If the picture I need to repair doesn't have enough background to copy, or doesn't have a good background, what should I do?
A1:
Remember that Photoshop allows you to have more than one file open at a time. You can borrow from another picture and copy the selection onto a new layer of the picture that needs fixing. Shrink it or enlarge it so that the texture is in scale with the rest of the scene, and then copy and paste it as much as needed. If you have a digital camera, shoot lots of backgrounds and keep them in a special folder on your computer or on a Zip drive. Then when you have a problem photo, you have ready-made scenery to drop the subject into.

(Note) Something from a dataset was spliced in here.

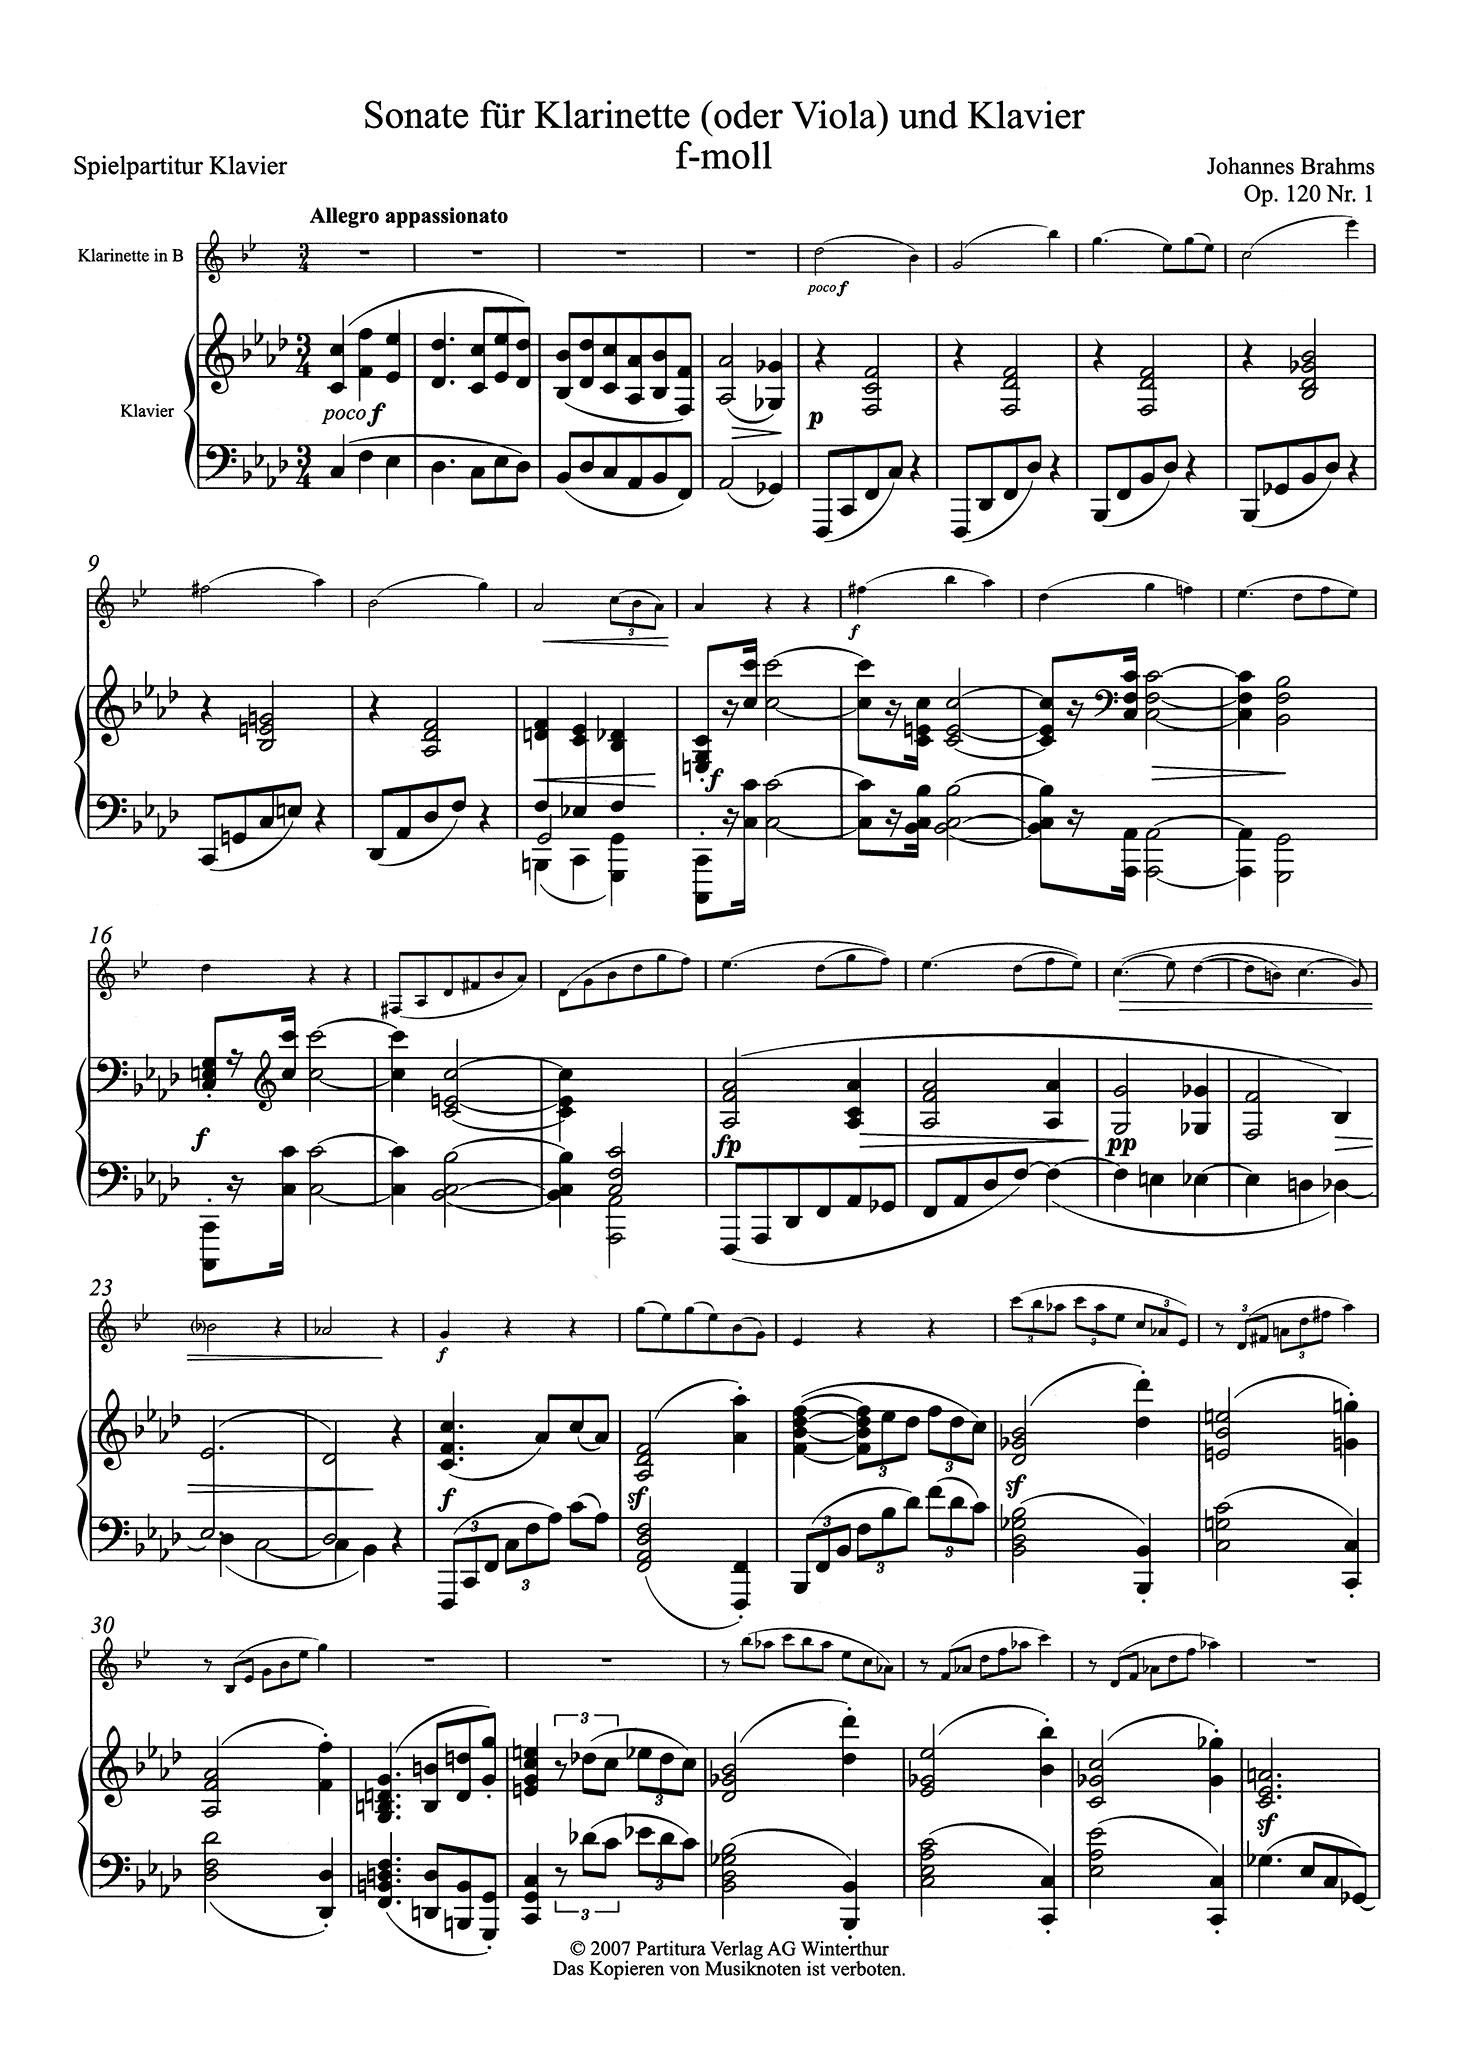 Sonata in F Minor, Op. 120 No. 1 - Piano score movement 1

What color mode should I be working in: CMYK Color,RGBColor, Indexed Color, Lab Color, or Grayscale?
A2:
If the image is grayscale, such as a black-and-white photo, and is going to remain grayscale, stay in that mode. If the image is intended for the Web or an inkjet printer, stick with RGB. If the image will be sent to a commercial print shop for four-color process printing, convert to CMYK after you've done your retouching.
b. Color dyes often shift toward red as a print ages.
Exercises
Find some of your own photo portraits that have bad red eye. Scan them into the computer and use the tricks you have learned to restore normal eye colors. Next, find a group photo and remove one member of the group.